• **INSTRUCTIONS TO FOLLOW**
An exact copy of the listing below is the answer, with the pictures removed.

• **INFORMATION SUPPLIED**
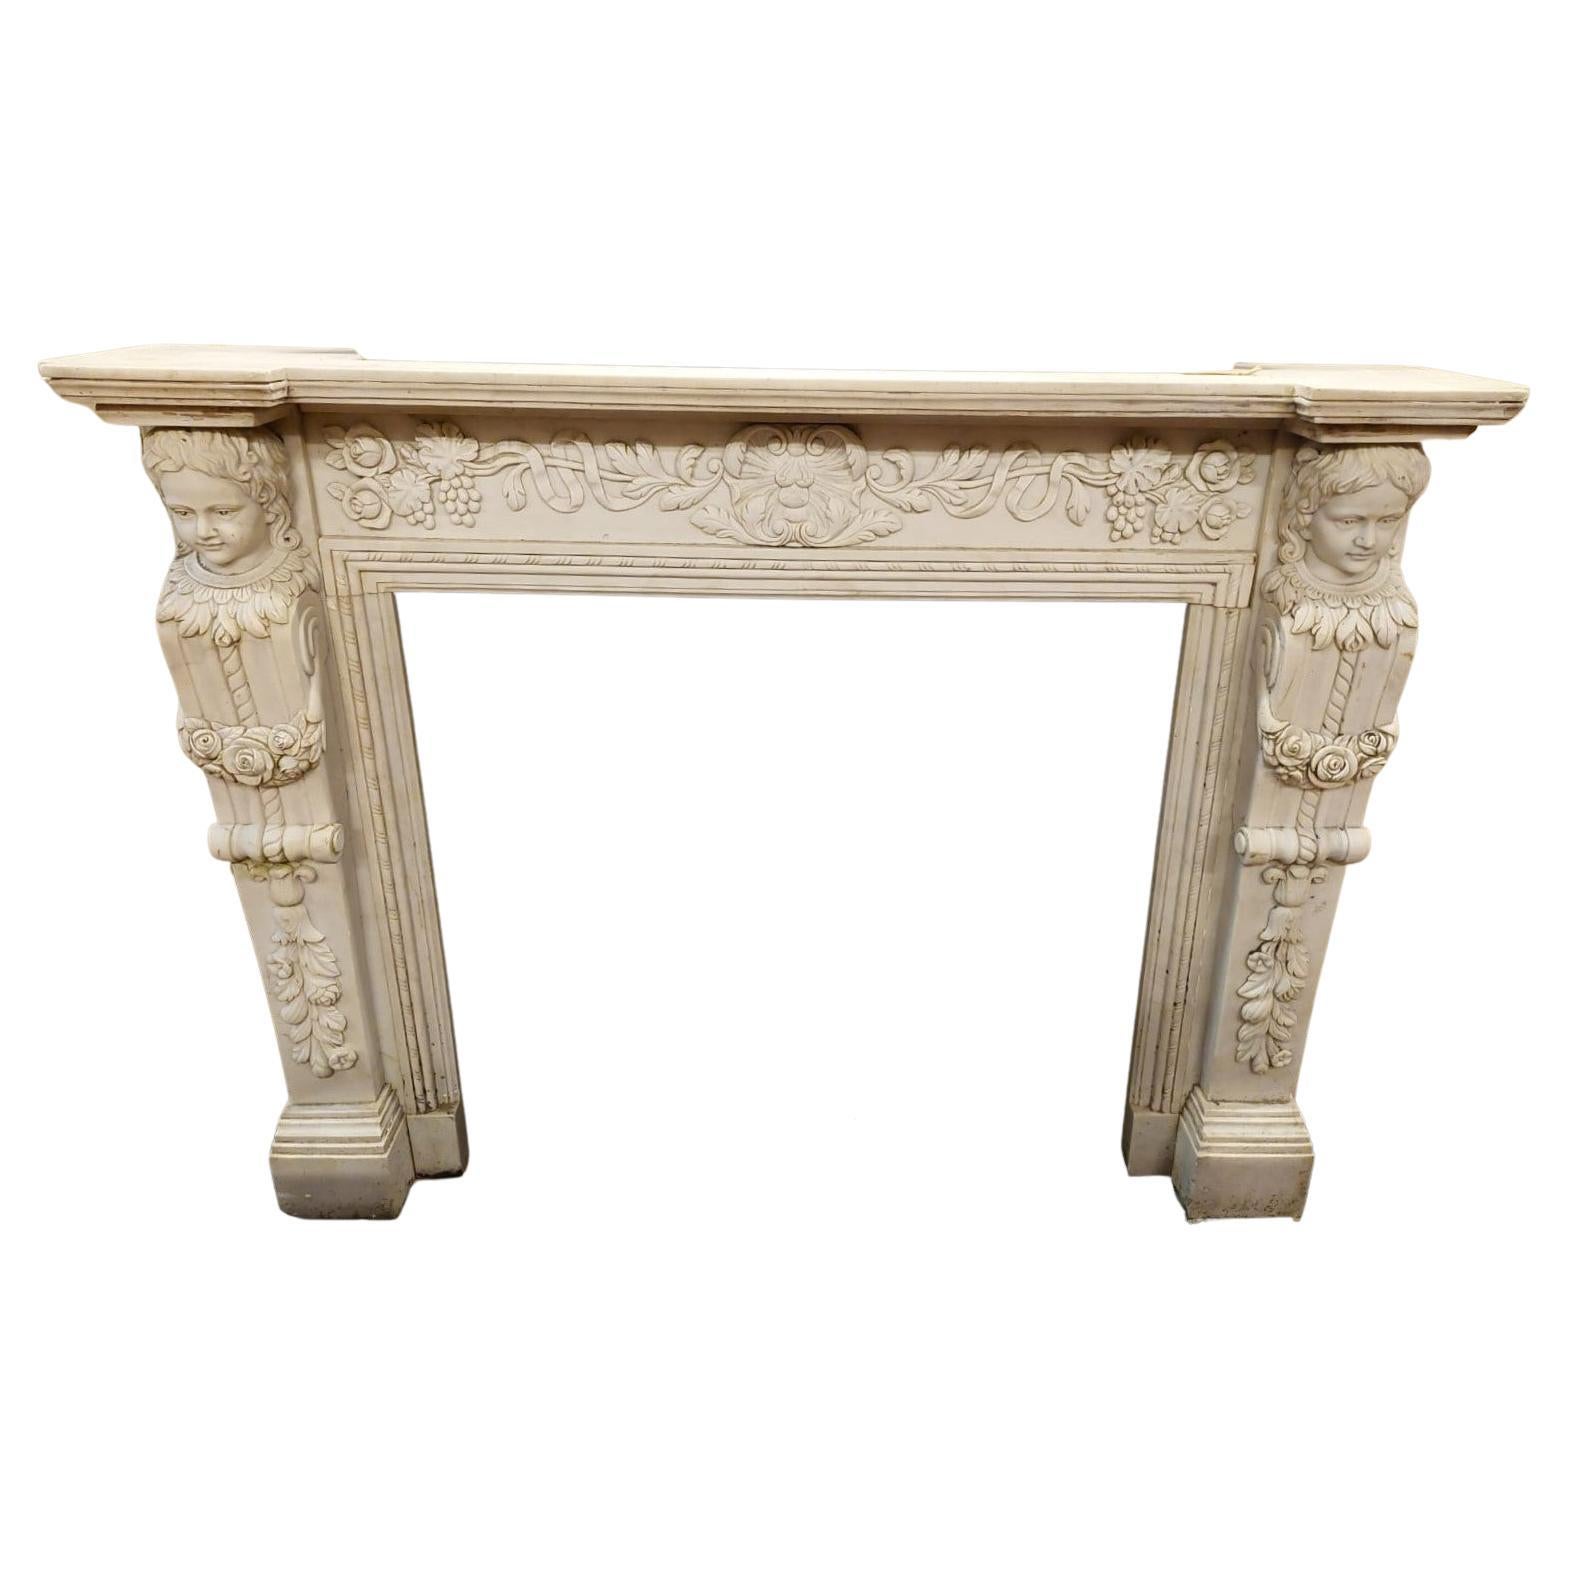 Antique White Carrara Marble Fireplace, Carved Caryatids, 19th Century Italy
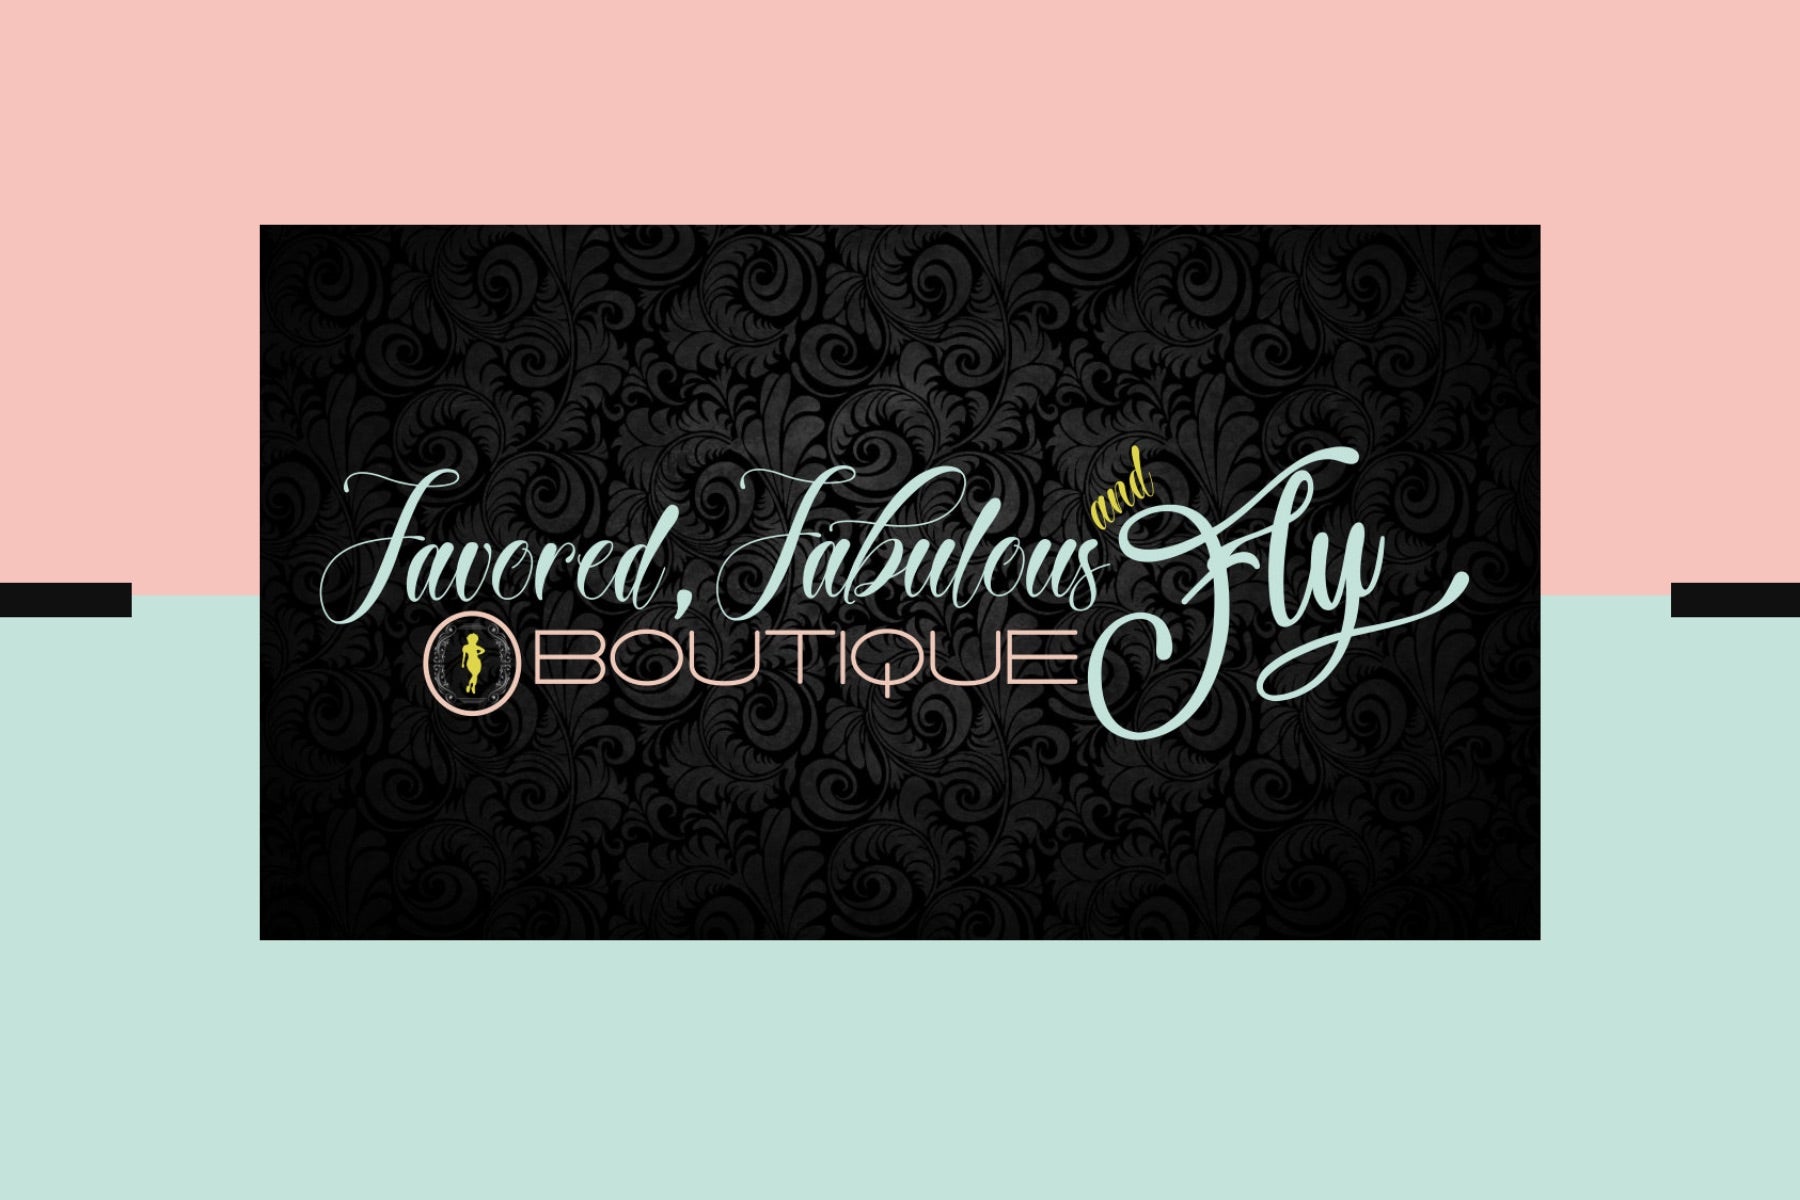 Favored, Fabulous & Fly Boutique, LLC
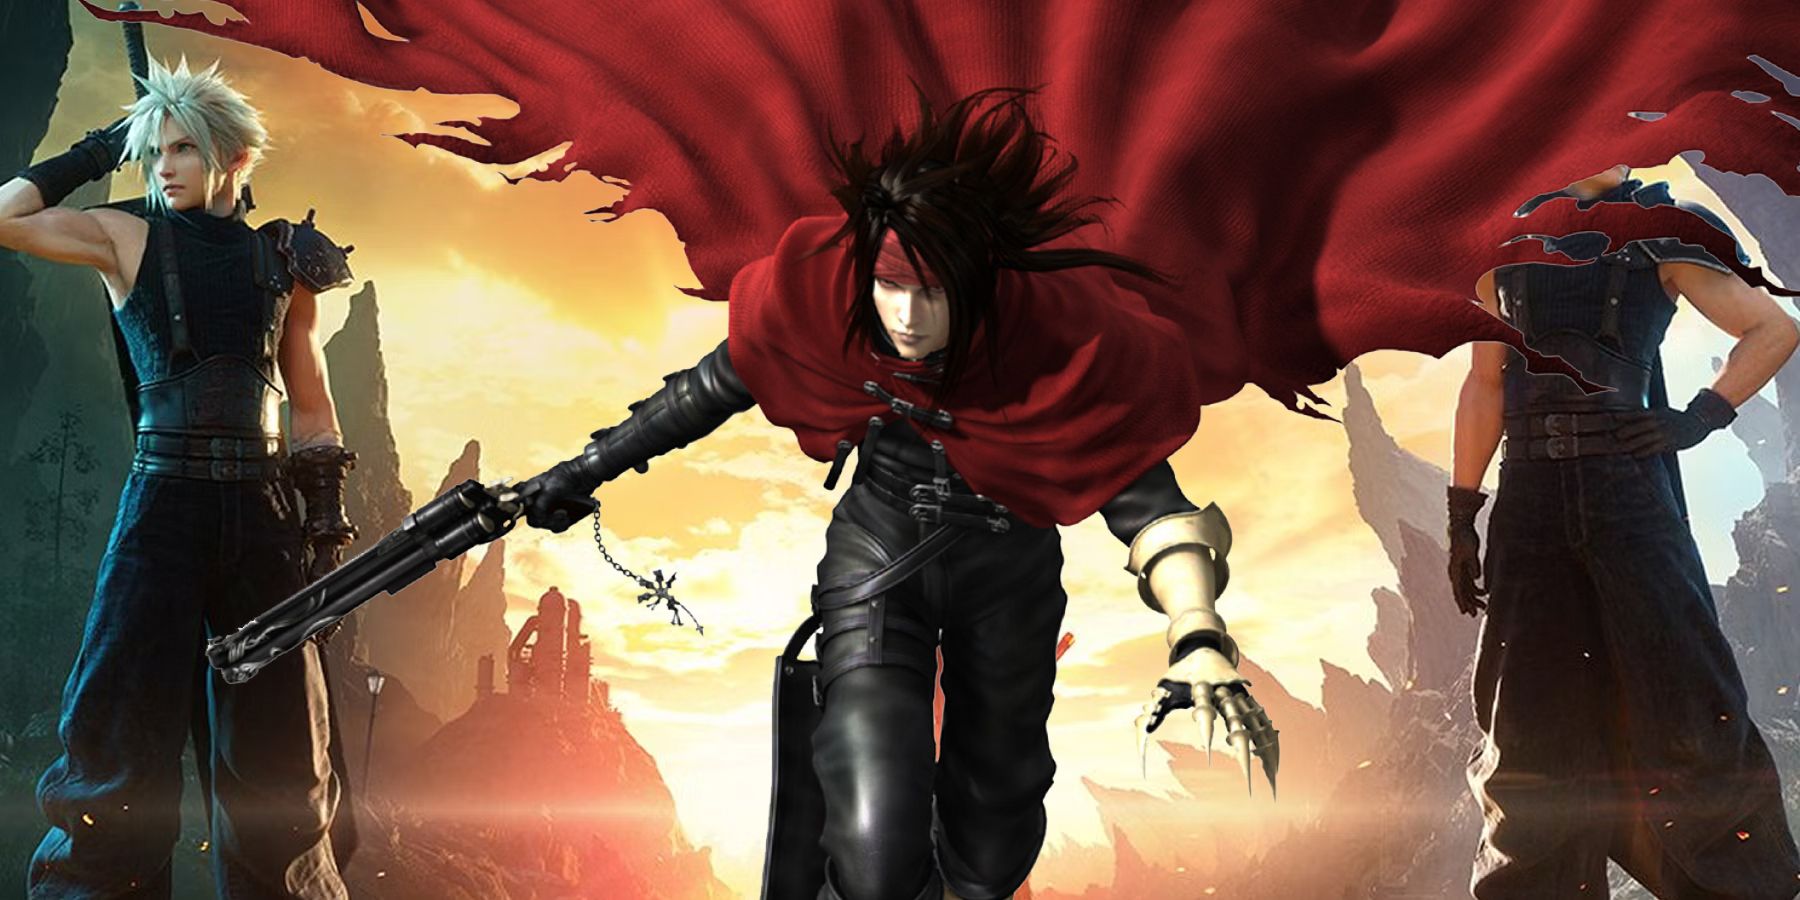 A promotional image of Cloud Strife and Zack Fair in Final Fantasy 7 Rebirth, with Vincent Valentine inserted between them.
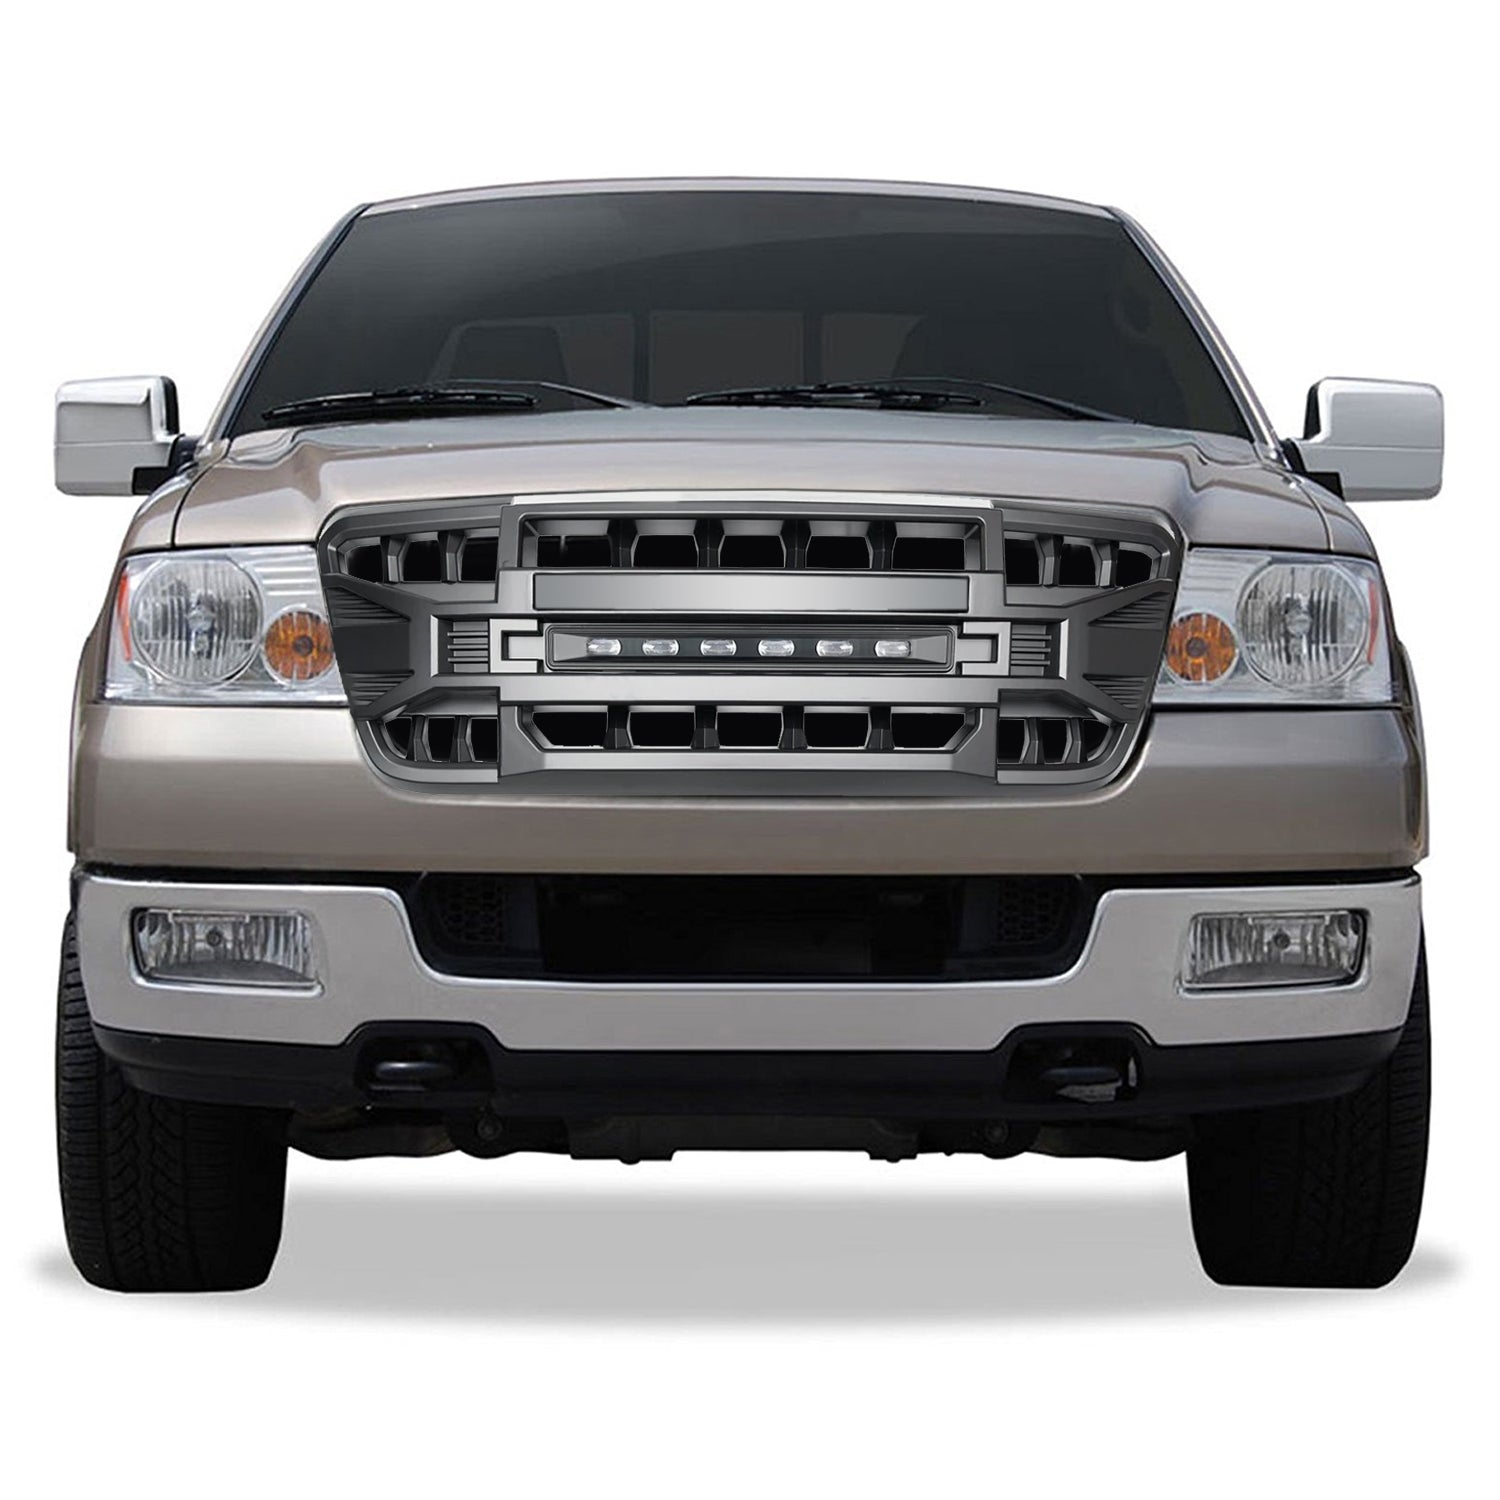 Armor Grille w/Off-Road Lights for 2004-2008 Ford F150

• **RESPONSE AREA**
 Antique White Carrara Marble Fireplace, Carved Caryatids, 19th Century Italy
 Favored, Fabulous & Fly Boutique, LLC
 A promotional image of Cloud Strife and Zack Fair in Final Fantasy 7 Rebirth, with Vincent Valentine inserted between them.
 Armor Grille w/Off-Road Lights for 2004-2008 Ford F150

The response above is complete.